Re: Matching and grouping similar words/phrases
Posted: Fri Jul 31, 2009 10:39 am
by Reviresco
Getting mixed results so far. Looking at word/phrase pairings that got Levenshtein numbers of 3 or less (lower is better), sometimes it works great, other times not so great:
Some examples:
acne - add: 3
acne - adhd: 3
acne - aging: 3
acne - all: 3
acne - fitne: 3
brain fog - brain food: 2
colon cancer - colan cancer: 2
colorectal cancer - colel-rectal cancer: 3
death - detox: 3
death - feet: 3
dimentia - dementia: 1
diverliculi - diverticular: 3
diverticulosis - diverticulitis: 2
edema - anemia: 3
exema - anemia: 3
exema - edema: 1
alzheimers - altzheimers: 1
alzheimers - alzheimer: 1
alzheimers - alzhiemers: 2
I must not be trimming my strings properly (I could've sworn I trimmed all white space) -- "colon cancer" and "colan cancer" should only be 1, not 2. Hmmm....

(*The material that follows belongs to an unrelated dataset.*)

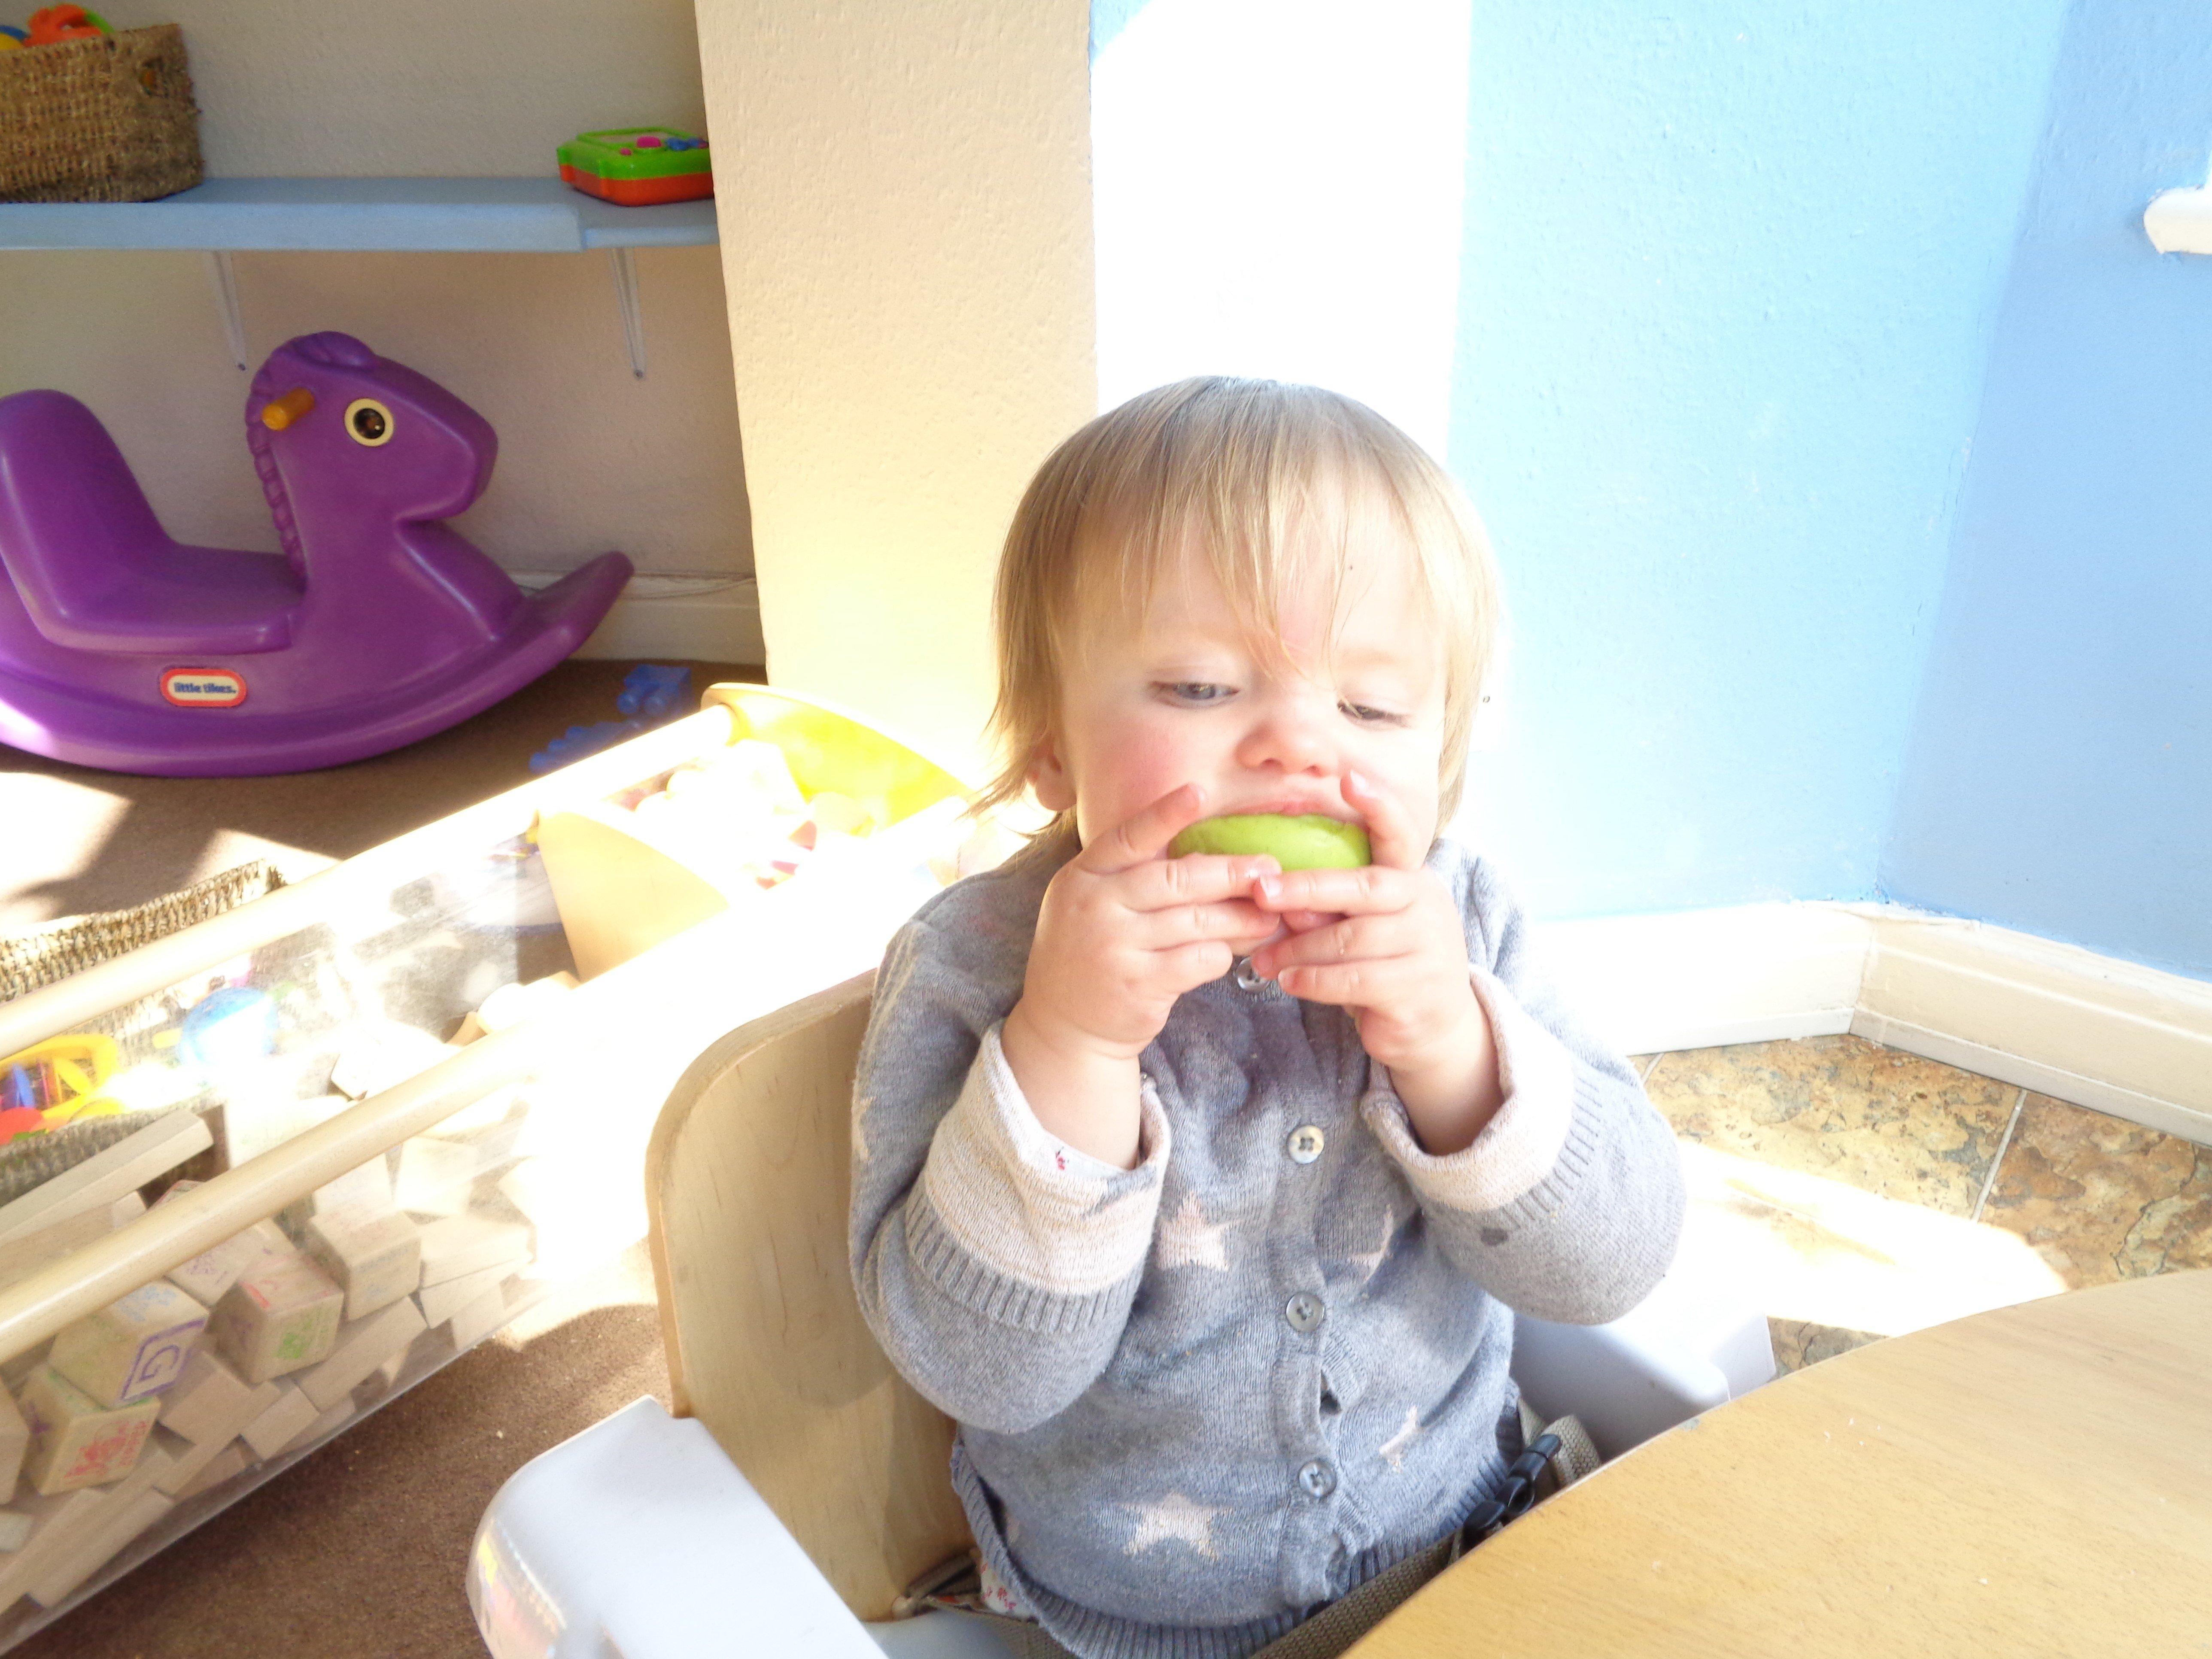 child eating a lemon
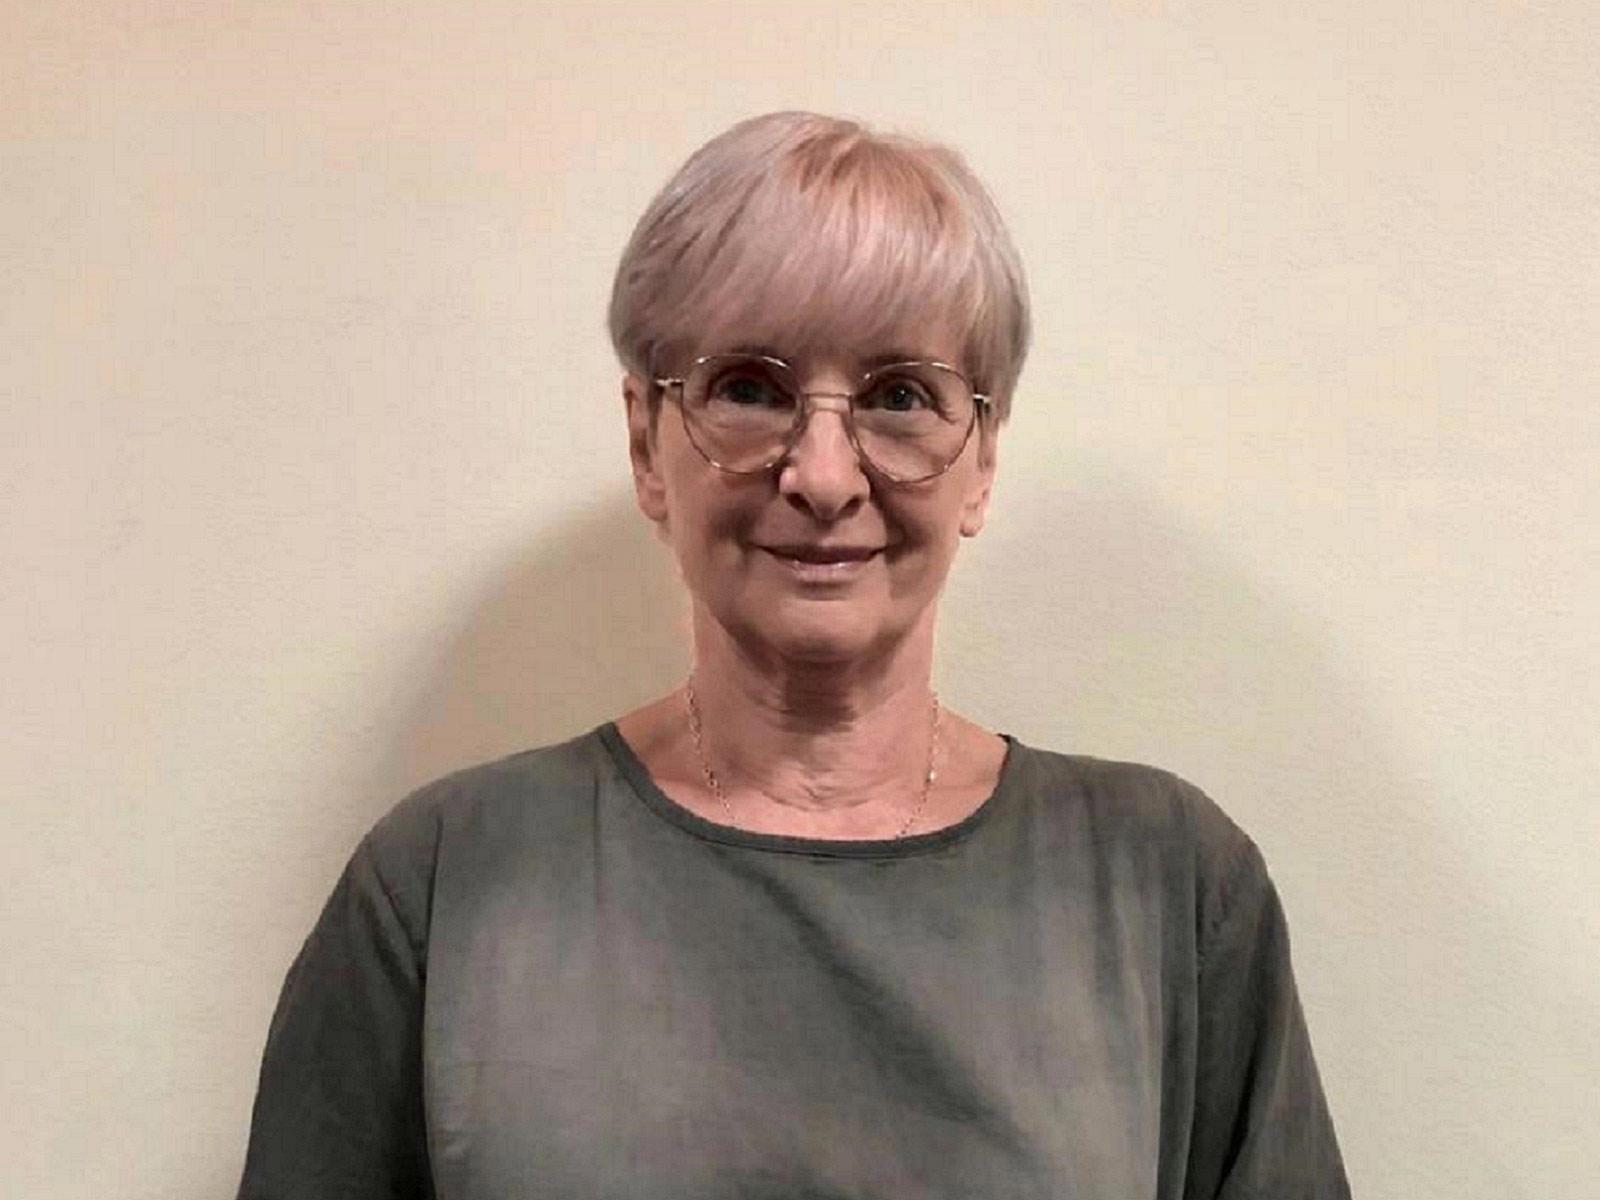 Анна Гайкалова - педагог, психолог, практический психофизиолог

Re: Matching and grouping similar words/phrases
Posted: Fri Jul 31, 2009 10:48 am
by prometheuzz
That's too black-and-white. Besides looking at the Levenshtein distance, you should also take the length of the words into account. And to get more accurate results, you may even want to combine a few of these fuzzy matching algorithms.
Re: Matching and grouping similar words/phrases
Posted: Fri Jul 31, 2009 10:52 am
by andyhoneycutt
I agree. I think combining the phonetic approach using sound_ex could also help -- if it sounds like "asthma", mostly, and is almost written as "asthma" then you've probably got a dead ringer.
Re: Matching and grouping similar words/phrases
Posted: Fri Jul 31, 2009 11:03 am
by prometheuzz
andyhoneycutt wrote:I agree. I think combining the phonetic approach using sound_ex could also help -- if it sounds like "asthma", mostly, and is almost written as "asthma" then you've probably got a dead ringer.
Yes, combining it with a soundex-algorithm should result in far better results.